Chapitre II : la conversation
Point de vue de Sirius
Nous descendions en silence les marches menant à la cave, personnellement j'étais perdu dans mes pensées, mon plan était simple mais je devais agir vite. Arrivé à la porte je le laissais entrer en premier.
-Expelliarmus. Chuchotai-je
Sa baguette quitta sa poche pour venir s'échouer dans ma main, en une fraction de seconde et surtout avant qu'il le temps de réagir je balançai sa baguette hors de la pièce et condamnai la porte d'un informulé.
-Mais qu'est-ce qui te prends ? T'es devenu fou ou quoi ?
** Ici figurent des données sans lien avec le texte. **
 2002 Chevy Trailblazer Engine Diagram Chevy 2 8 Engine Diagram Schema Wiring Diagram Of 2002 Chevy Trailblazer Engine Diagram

-Sache que non, je ne suis pas devenu fou. Et si tu veux savoir le pourquoi du comment de ton désarmement, c'est simplement parce que je souhaite avoir une petite conversation avec toi, et tu risques fortement de ne pas apprécier ce que j'ai à te dire.
-Tu n'avais pas besoin de me désarmer pour discuter.
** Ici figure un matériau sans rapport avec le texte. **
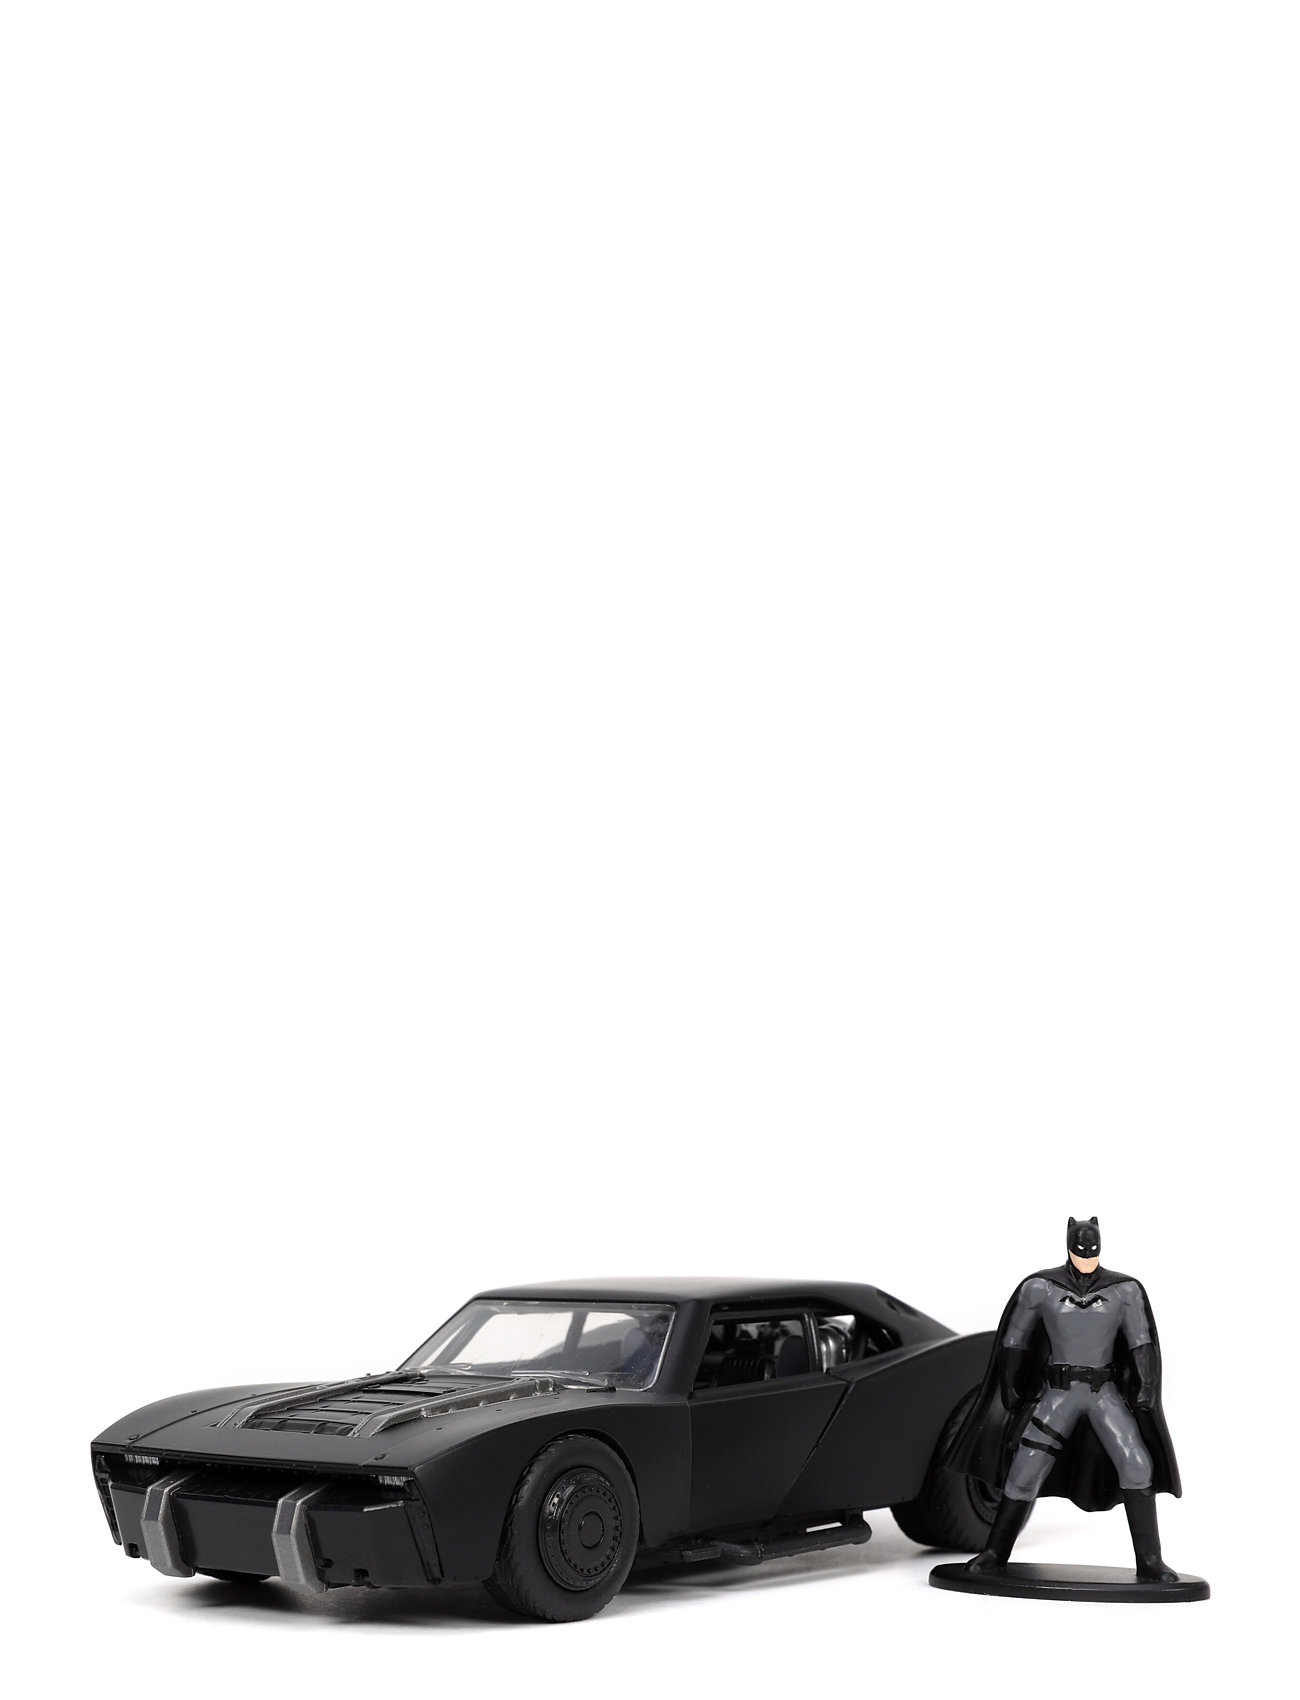 Batman Batmobile 2022, 1:32 Toys Playsets & Action Figures Action Figures Black Jada Toys

-Oh que si, parce que si je t'avais laissé ta baguette tu aurais fui. Alors maintenant que n'as pas le choix tu vas m'écouter. Si nous sommes c'est pour parler, enfin pour être exact, c'est pour que tu parles. Dis-moi ce qui ne va pas ? C'est Nymphadora ?
-Mais non, je te l'ai dit tout va bien ! Et d'ailleurs même si j'avais un problème, ne crois-tu pas que je suis assez grand pour le régler tout seul ? Bon, maintenant je t'ai parlé, alors laisse-moi partir.
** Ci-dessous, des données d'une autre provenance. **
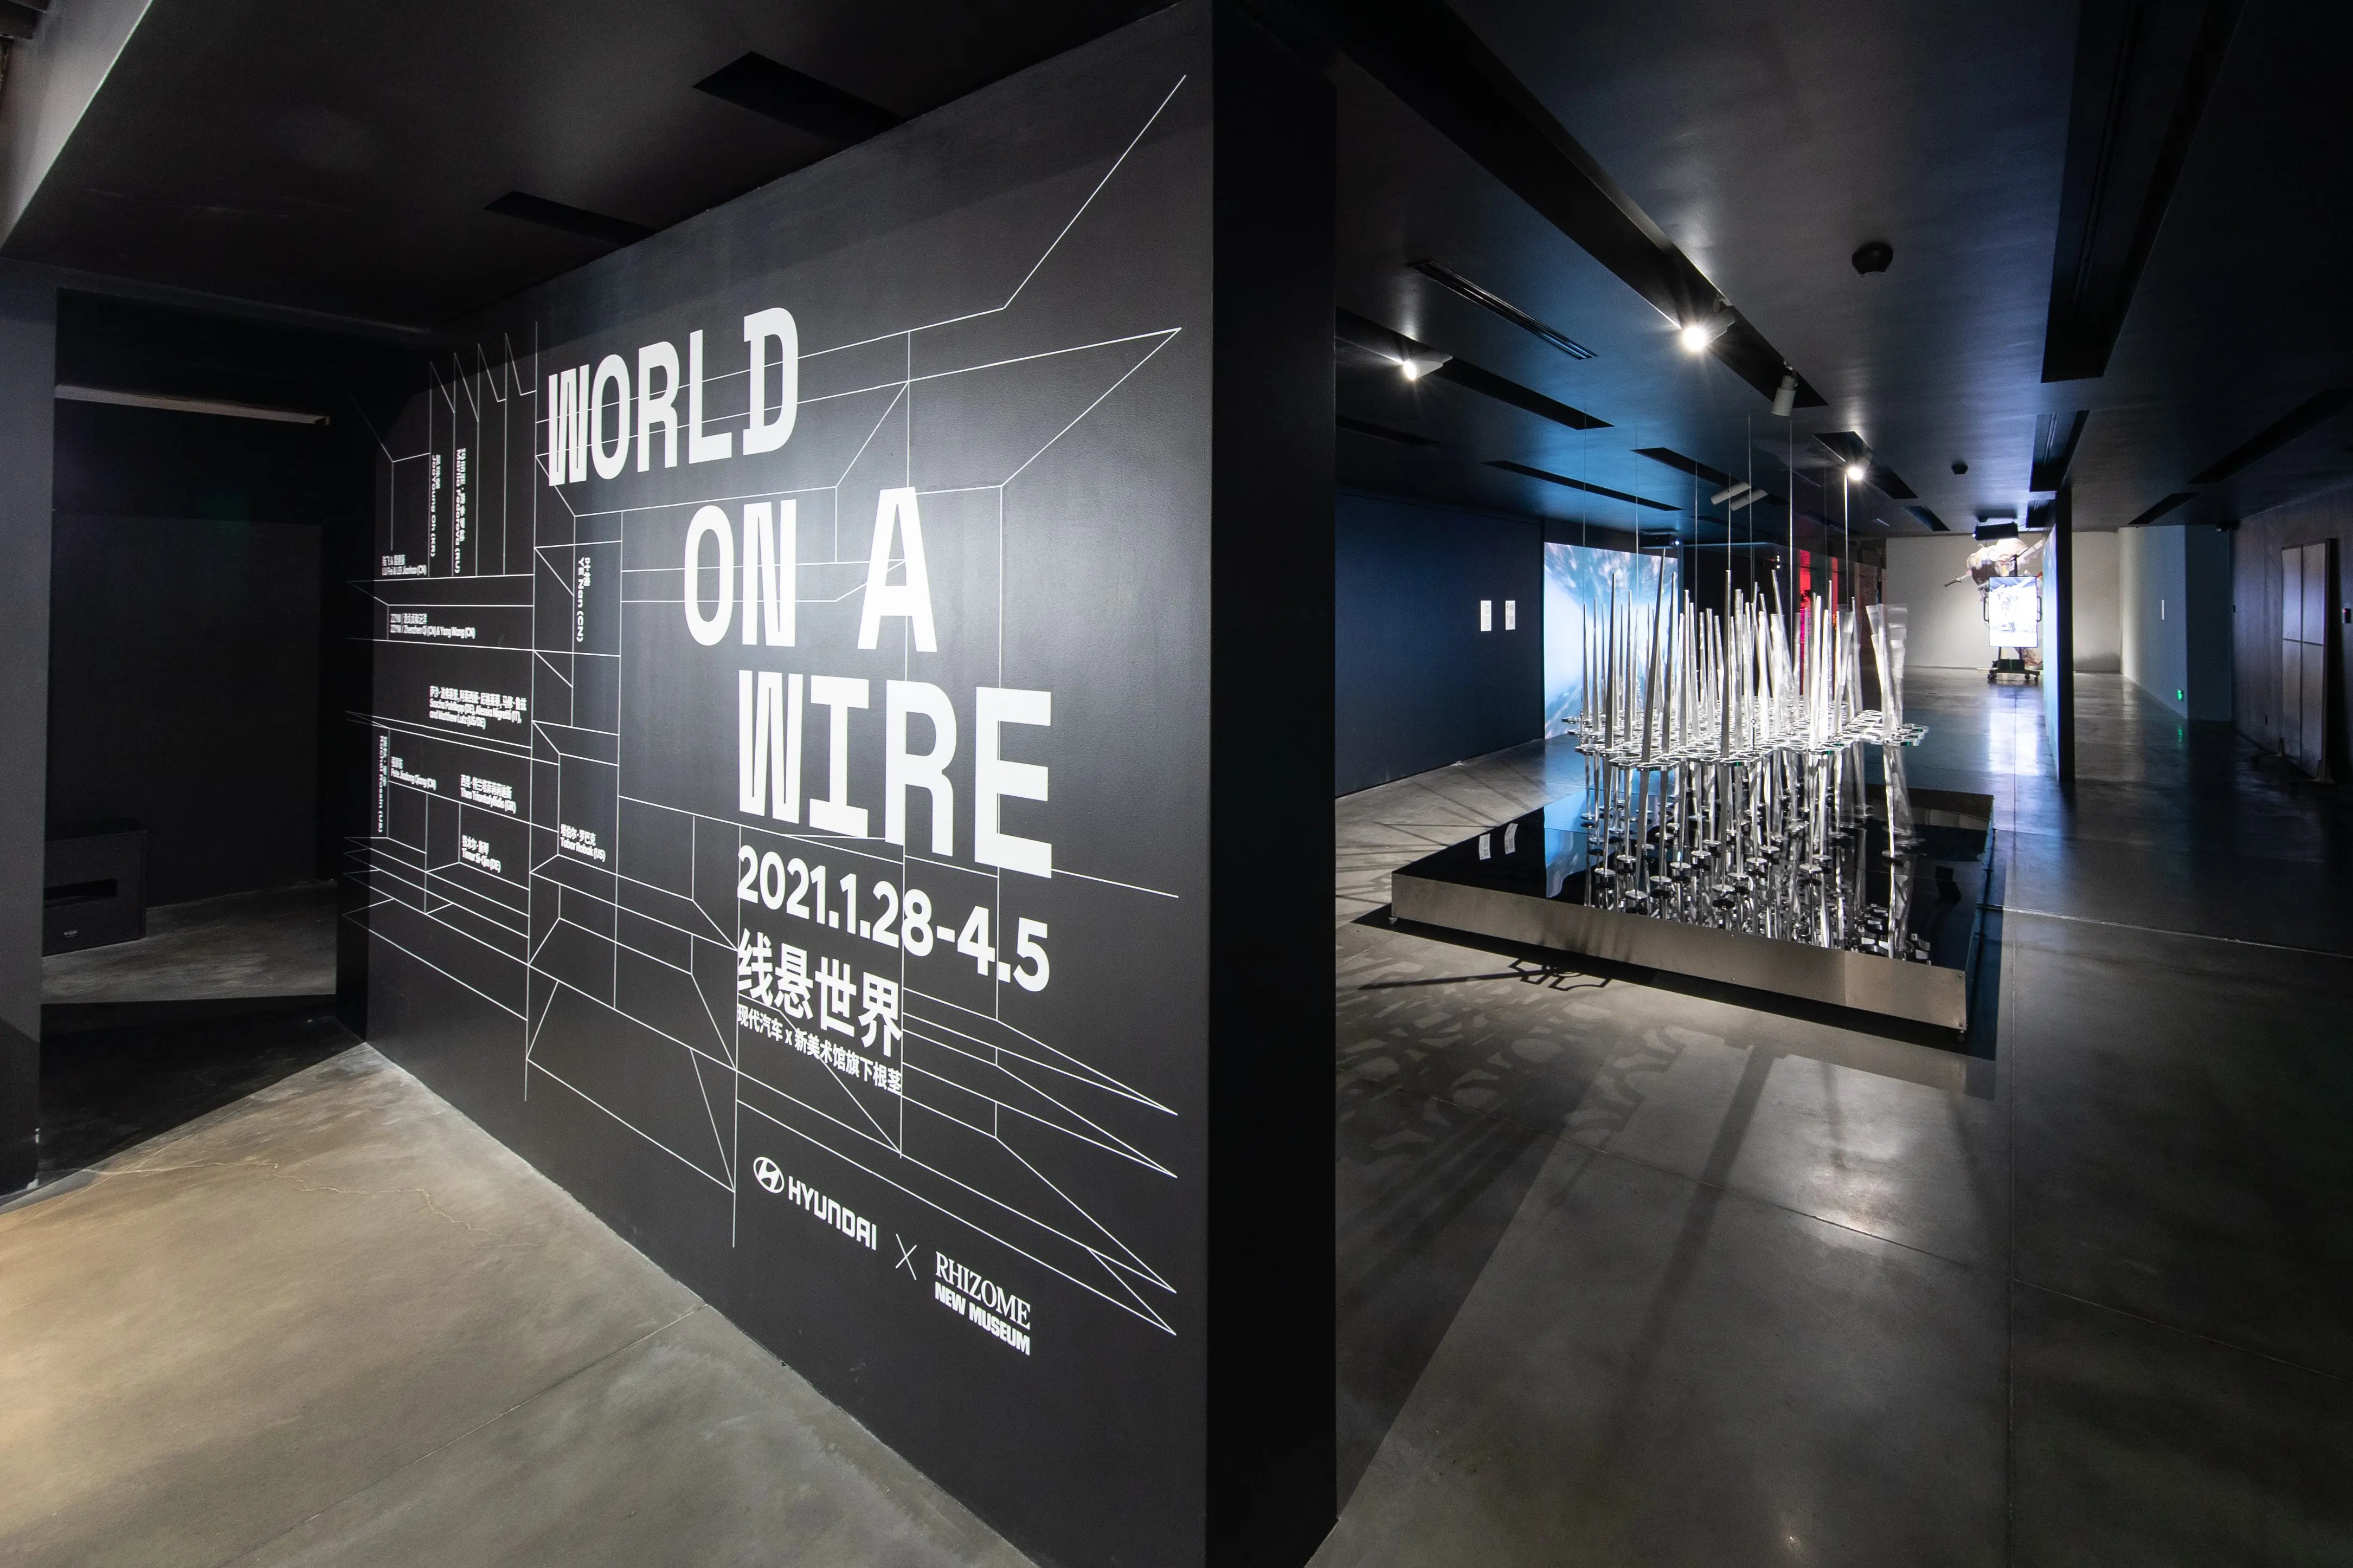  Installation view of World on a Wire in BeijingHyundai Motorstudio Beijing

A la fin de son petit discours pas convainquant pour deux sous, il se dirigea vers la porte et tenta de l'ouvrir, au bout de quelques instants d'acharnement vains, il se tourna vers moi. Il me foudroya du regard ce qui n'était de bon augure, les choses allaient être plus compliquées que ce que j'avais pensé.
-Sirius ! Ouvre-moi cette porte que je sorte.
-Tu fui encore.
-Je ne fui rien du tout, puisqu'il n'y rien à dire. Alors maintenant tu m'ouvre cette porte avant que je m'énerve.
-Toi ? Remus John Lupin t'énerver ? Laisse-moi rire.
-Oui moi.
-Si tu veux tellement sortir, ta juste à me parler et tu iras beaucoup mieux.
-Je t'ai que j'allais très bien, alors maintenant Sirius Orion Black tu vas m'ouvrir cette putain de porte.
Il commençait à être grossier, ça c'était le signe qu'il était presque à bout, nous allions enfin pouvoir avancer. Il suffisait que je le pousse un peu plus et il allait craquer. Cela ne me faisait pas plaisir de le mettre dans cet état, mais c'était pour son bien, il avait vraiment besoin de s'ouvrir et de partager ce qui le rongeait.
-Non tu ne vas pas bien justement. Tu dors à peine, tu ne manges plus, je ne sais même pas à quand remonte ton dernier repas. Depuis plus d'un mois, tu es un mort-vivant et ça ne peut plus durer. T'es en train de te tuer à petit feu, et il hors de question que je te regarde dépérir sans intervenir.
-Comme d'habitude tu exagère Pad', de plus se ne sont pas tes affaires.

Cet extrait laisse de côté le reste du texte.